In den Nachrichten der ARD wird von „Dom“, statt von „Doom“ gesprochen, man hat hier also von dem Spiel noch nie gehört. Mal ganz davon abgesehen, dass noch niemand sicher weiß, inwieweit eins oder mehrer Games überhaupt eine Rolle spielen. Kennen wir doch schon: Das „Steinhäuser war passionierter Counterstrike-Spieler“-Gerücht hält sich hartnäckig, obwohl im (im Web öffentlich nachlesbaren) Abschlussbericht steht, dass es nicht der Wahrheit entspricht.
Immerhin hat Spiegel Online relativ schnell genauer nachrecherchiert und die Counterstrike-Map von Sebastian B. als Mär bezeichnet. In den meisten Medien wurde schnell von der Map zum idealen Training gesprochen. Ziemlich sicher in völligen Unkenntnis der Tatsache, dass man in vielen Spielen per Editor Maps bauen kann, üblicherweise nicht, weil man damit so großartig Amokläufe oder ähnliches trainieren kann.
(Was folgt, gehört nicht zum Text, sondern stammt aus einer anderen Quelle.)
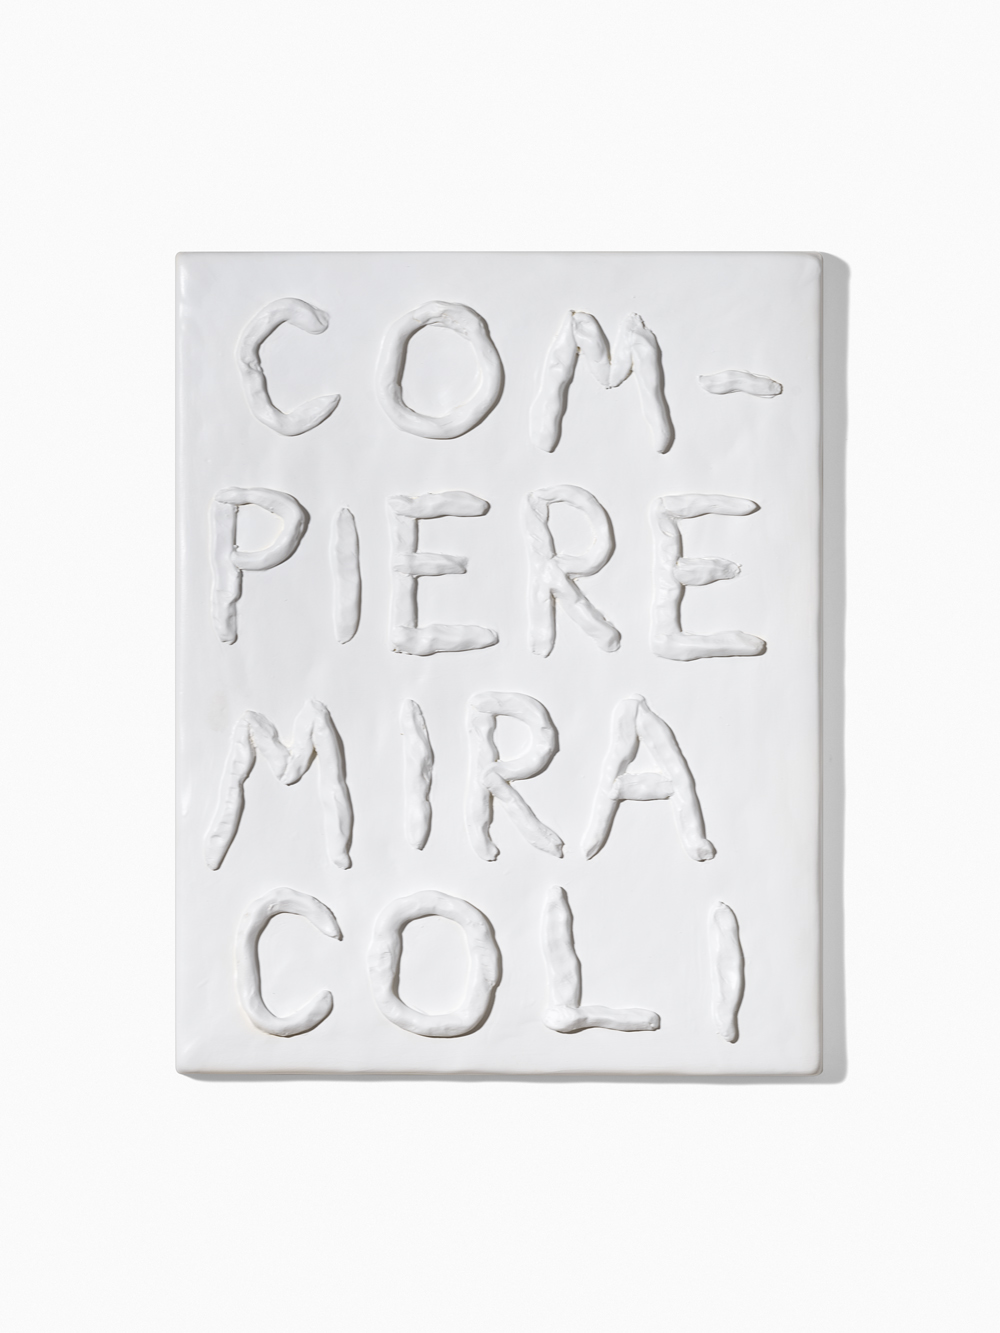 "Compiere miracoli" 2018, terracotta, 43 x 33 cm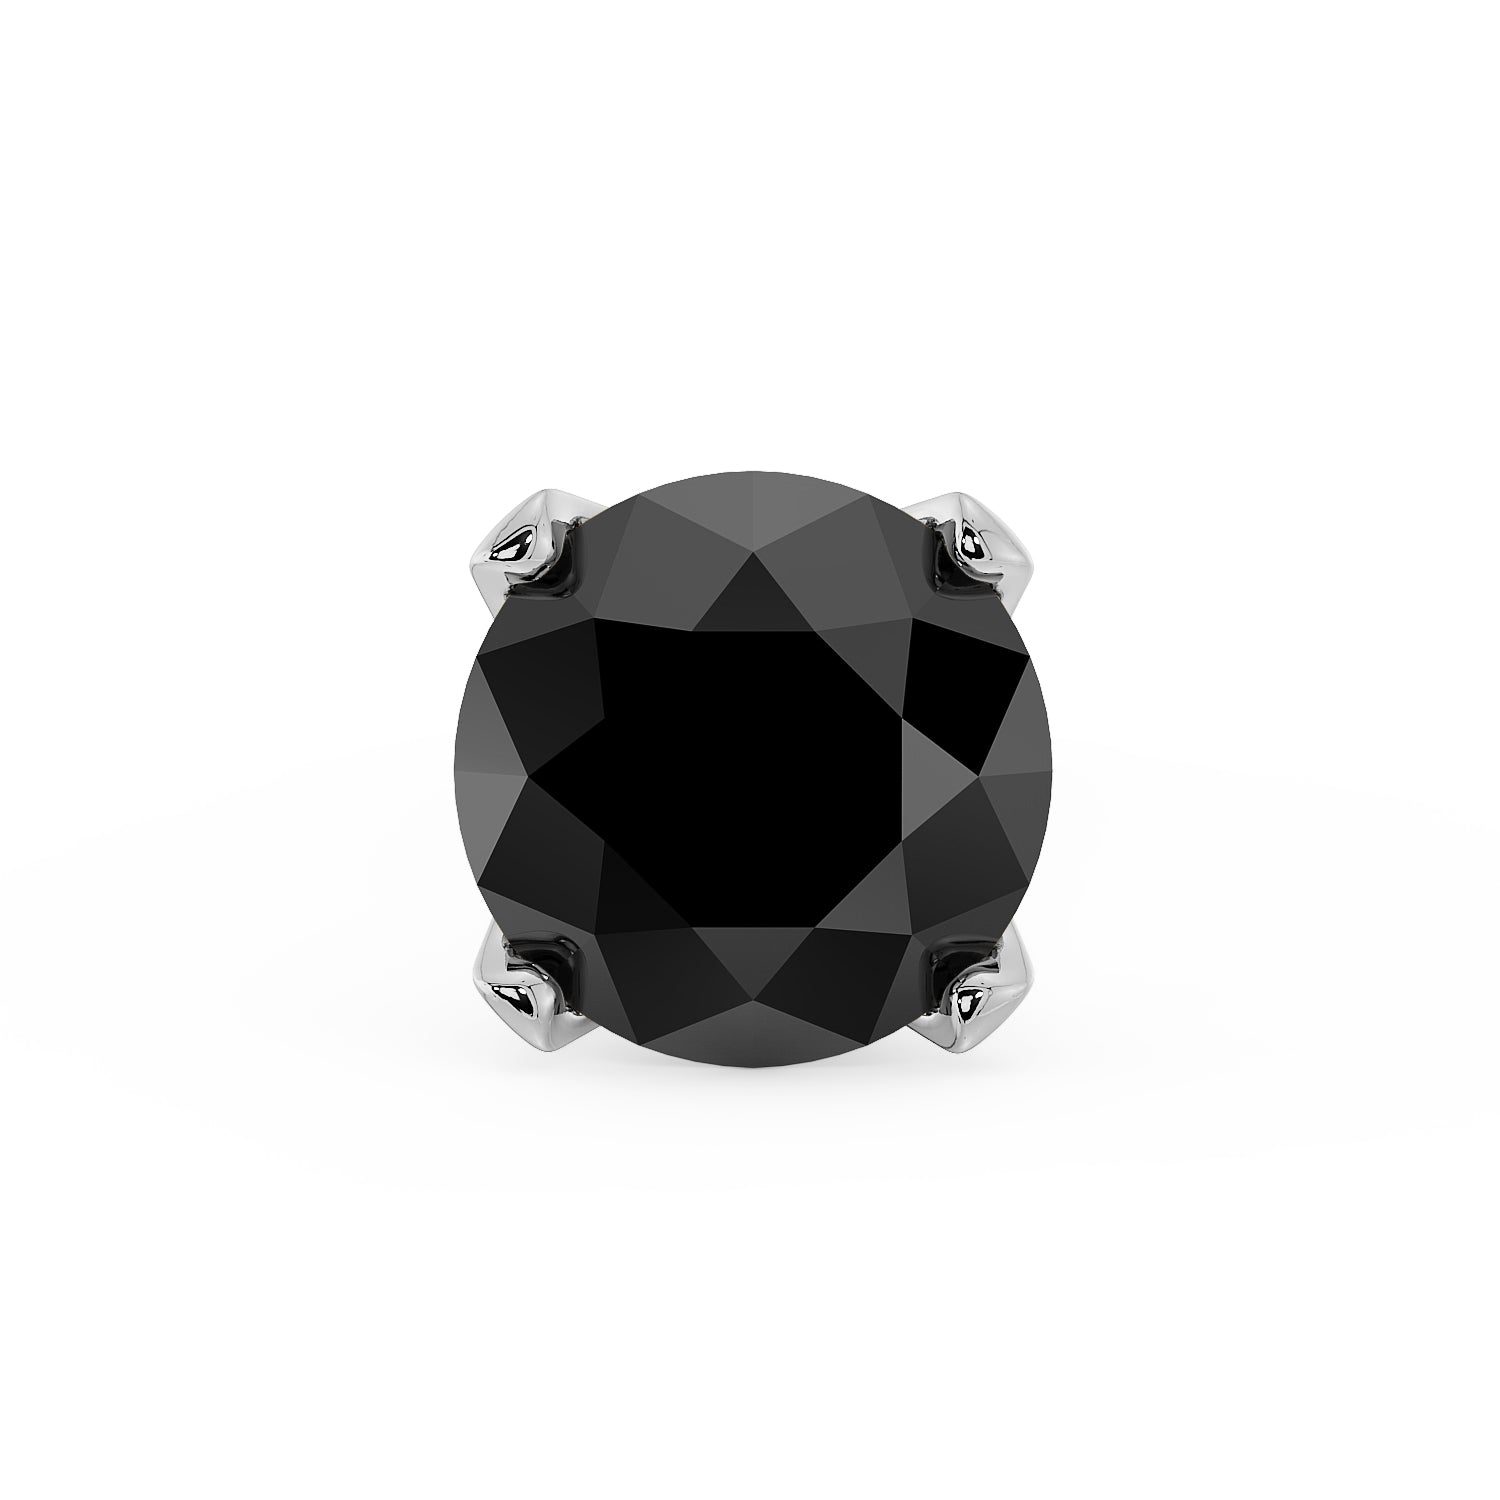 Diamond Nose Pin Design 2021 with Price | Gold Nose Pin studded with Dia...  | Diamond earrings design, Nose ring designs, Diamond

Natürlich kann sich jeder Mensch dieser Erde in seiner Fantasie alles Mögliche ausmalen. Üblicherweise tut man es aber nicht. Warum? Tja, weil normalerweise irgendwann der gesunde Menschenverstand wieder einsetzt. Bei Sebastian B. war das nicht der Fall. Warum das so war, wird man sicher nicht mit dem Titel eines oder mehrerer Spiele beantworten können.